AUC-ROC validación: 0.88985


In [19]:
# Para hacer submit.
all_data_cls = make_pipeline(StandardScaler(), SimpleImputer(), xgb.XGBClassifier(
    objective='binary:logistic',
    seed=seed,
    eval_metric='auc',
    max_depth=best_max_depth,
    learning_rate=best_learning_rate,
    n_estimators=best_n_estimators,
    gamma=best_gamma,
    subsample=best_subsample,
    min_child_weight=best_min_child_weight,
    colsample_bytree=best_colsample_bytree,
    reg_lambda=best_reg_lambda,
))

all_data_cls.fit(X, y)

# Predicción en la data de kaggle para submitear.
kaggle_data = kaggle_data.drop(columns=["conversion"])
y_preds = all_data_cls.predict_proba(kaggle_data.drop(columns=["ROW_ID"]))[:, final_cls.classes_ == 1].squeeze()

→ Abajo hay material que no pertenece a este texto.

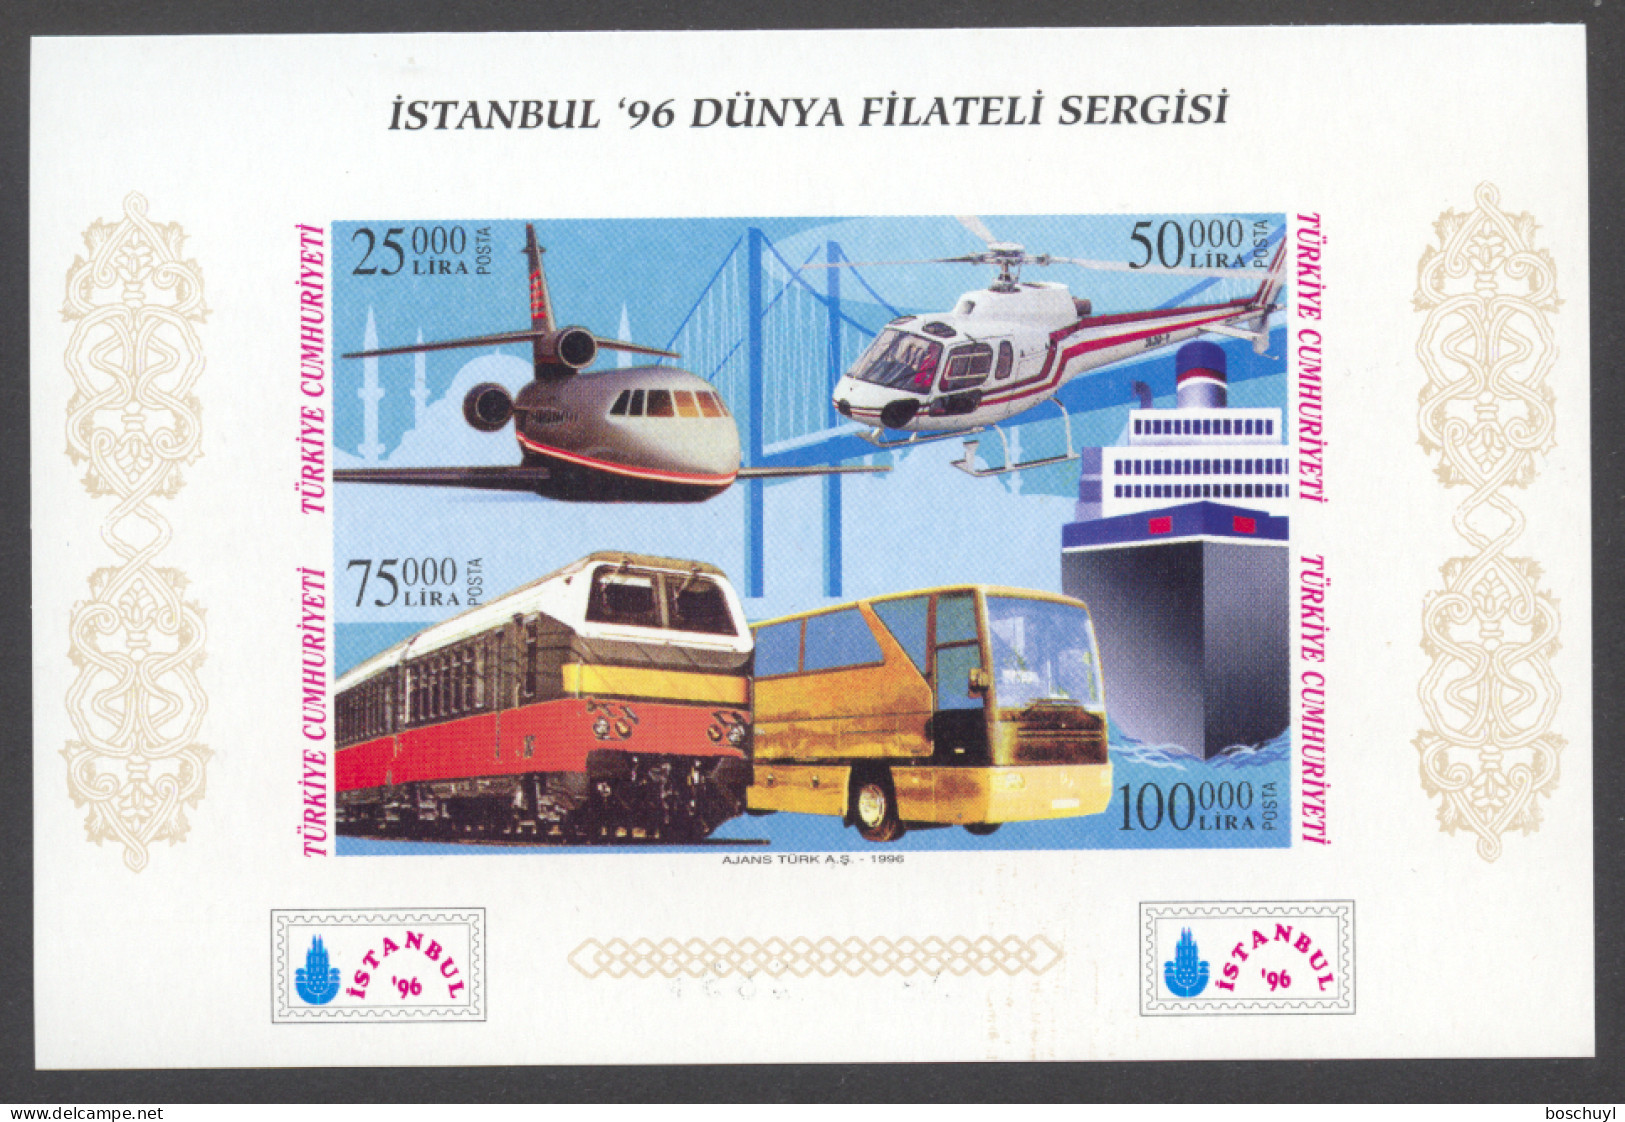 Turkey, 1996, Airplane, Helicopter, Train, Bus, Boat, Istanbul Exhibition, Black Imprint, MNH, Michel Block 32Bb - Nuevos

# Generamos el archivo para submit en base a lo predicho.
submission_df = pd.DataFrame({"ROW_ID": kaggle_data["ROW_ID"], "conversion": y_preds})
submission_df["ROW_ID"] = submission_df["ROW_ID"].astype(int)
submission_df.to_csv("xgboost_model/xgboost_model.csv", sep=",", index=False)